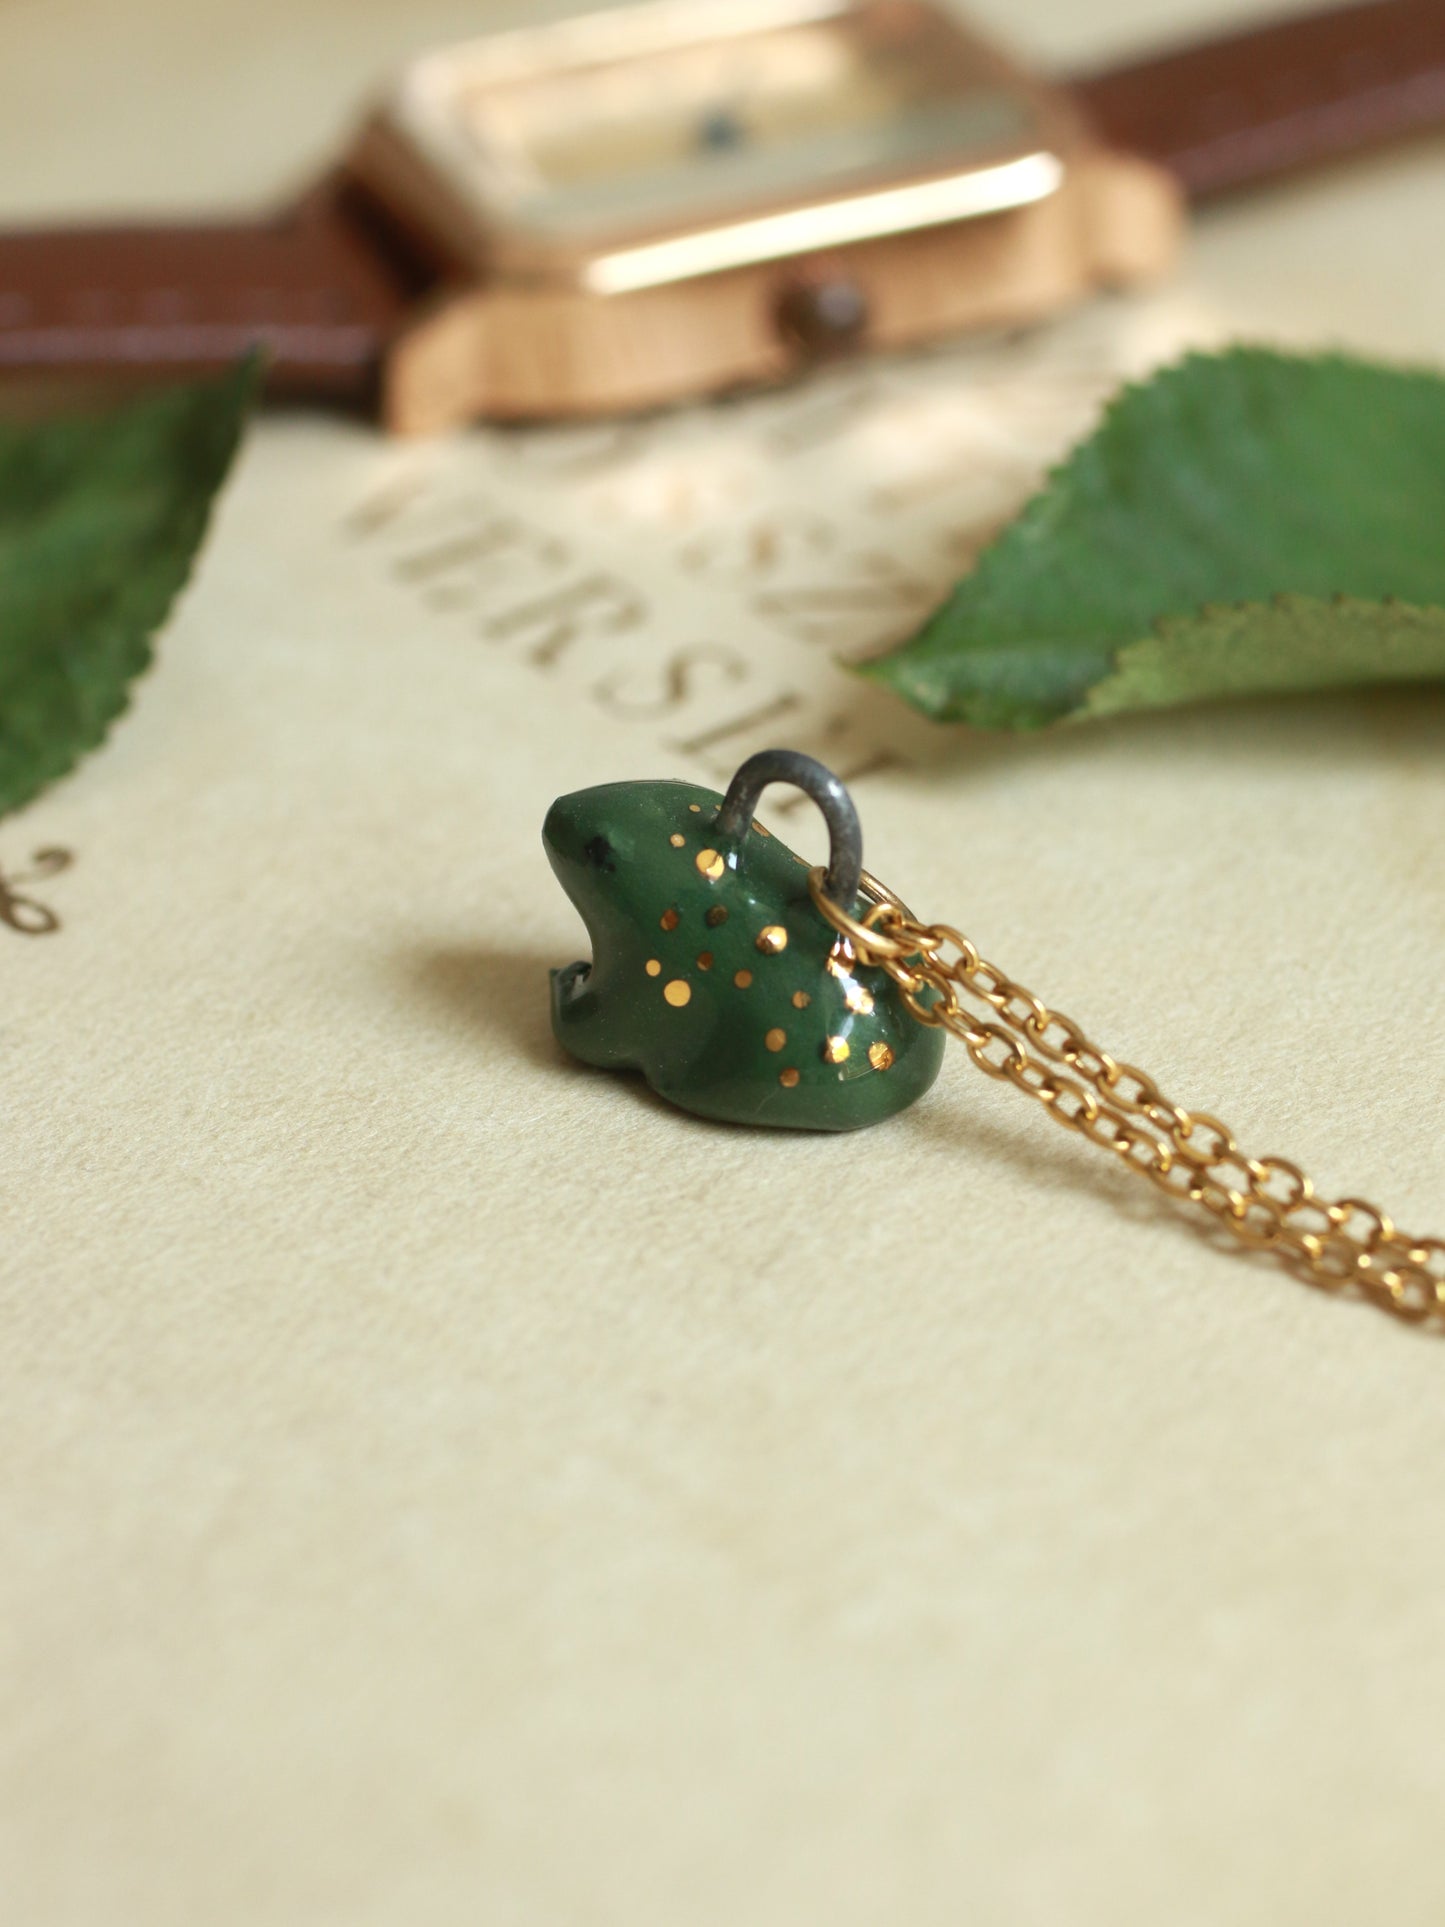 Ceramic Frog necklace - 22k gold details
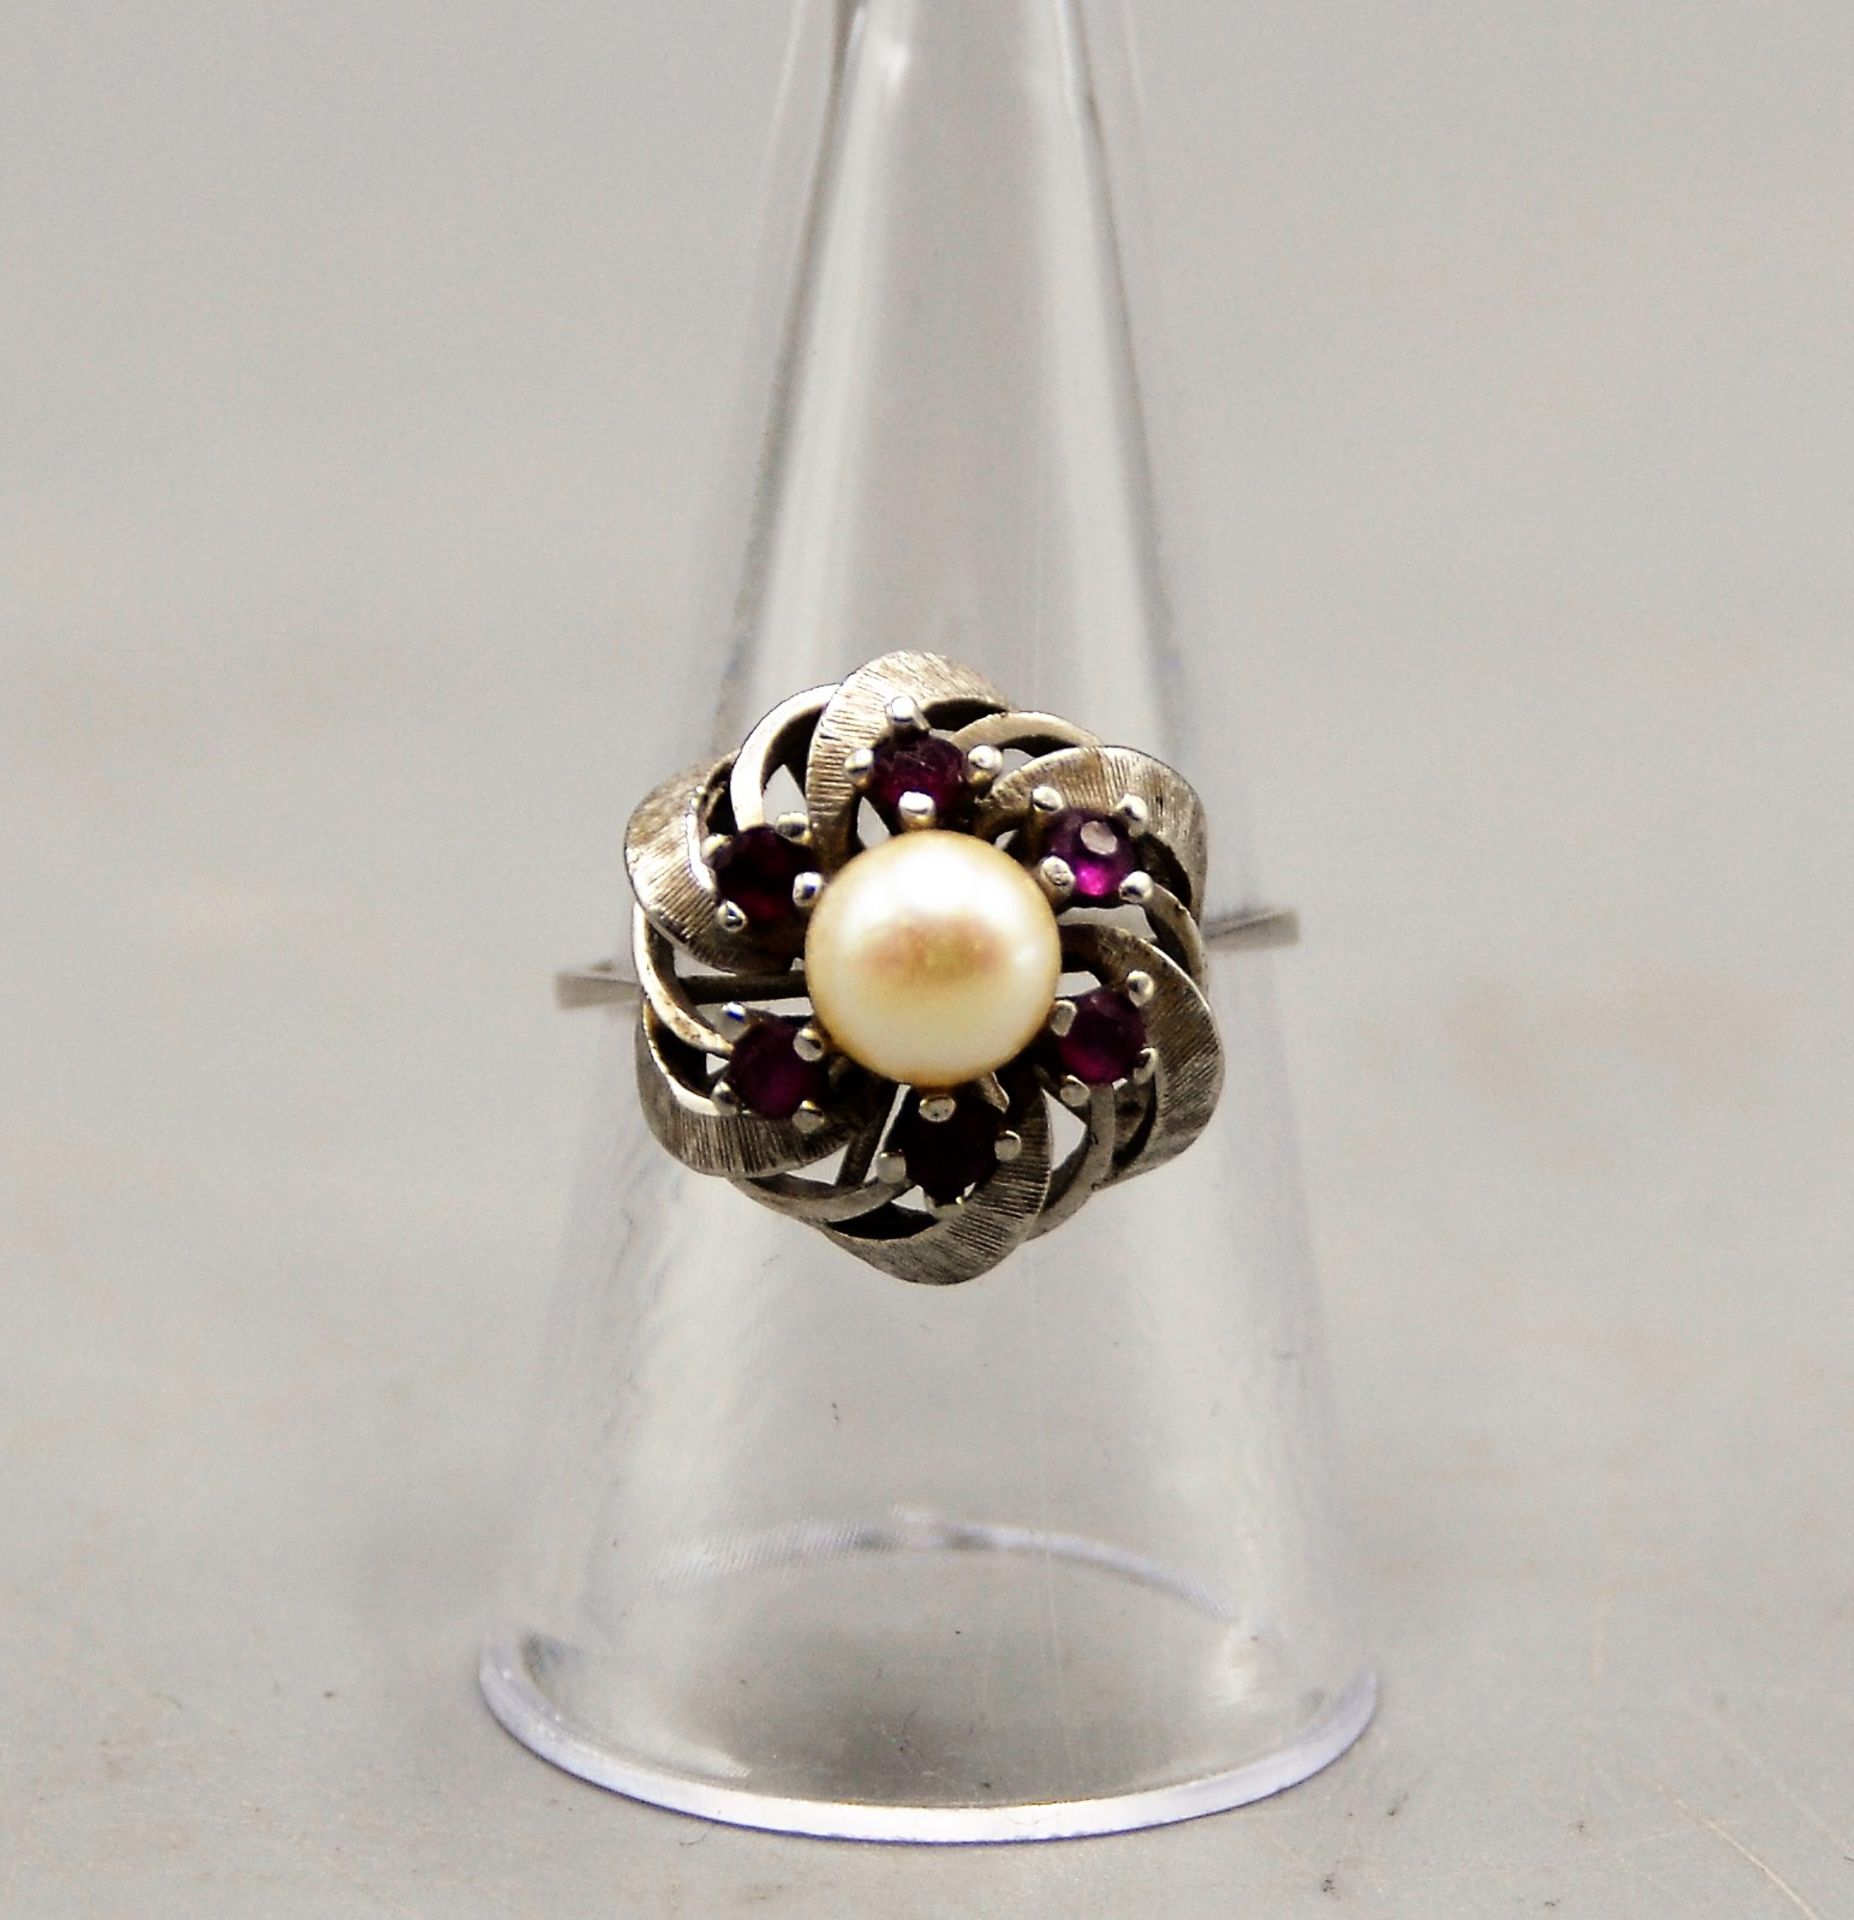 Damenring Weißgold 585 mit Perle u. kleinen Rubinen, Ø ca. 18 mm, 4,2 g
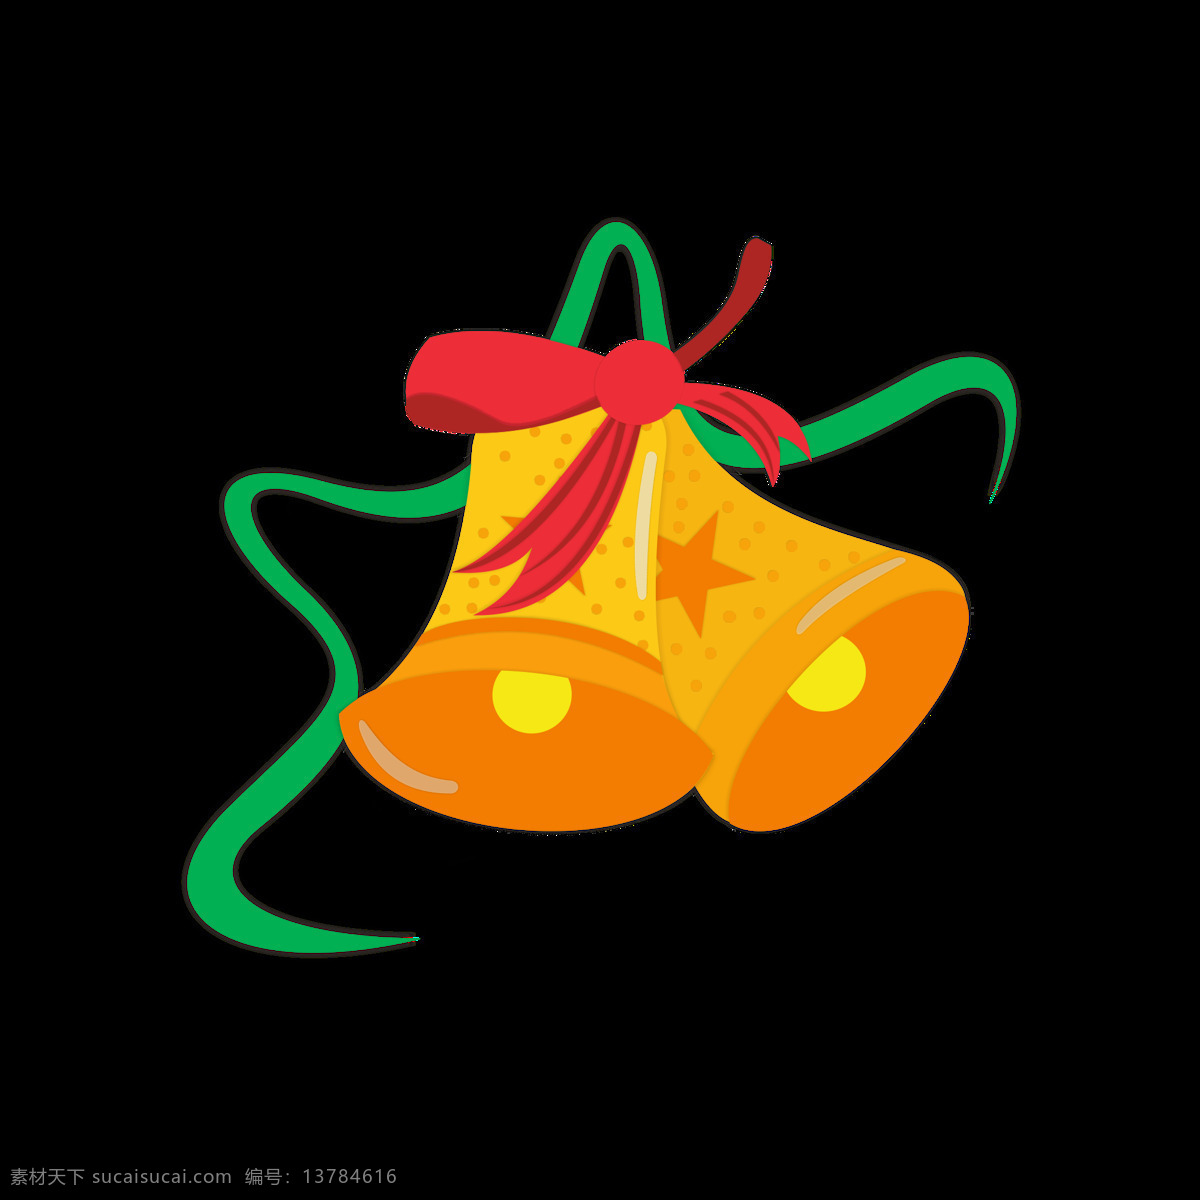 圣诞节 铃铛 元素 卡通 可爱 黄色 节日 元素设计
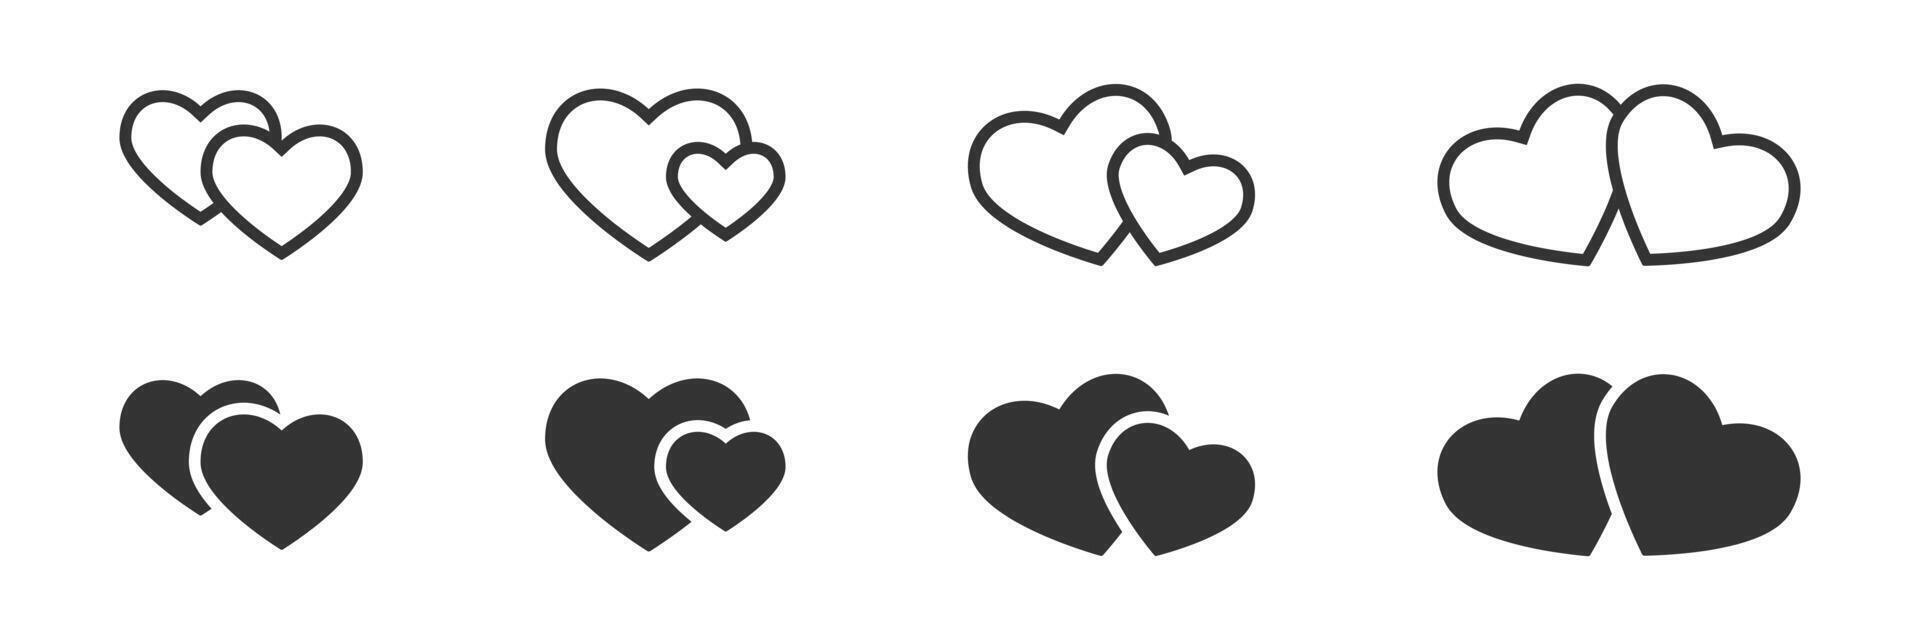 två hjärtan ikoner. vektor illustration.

++++++++

**PROMPT**
Restate all the material verbatim; omit every picture.

**PROBLEM SOLUTION**
 Ceramic Frog necklace - 22k gold details
 Damenring Weißgold 585 mit Perle u. kleinen Rubinen, Ø ca. 18 mm, 4,2 g
 圣诞节 铃铛 元素 卡通 可爱 黄色 节日 元素设计
 två hjärtan ikoner. vektor illustration.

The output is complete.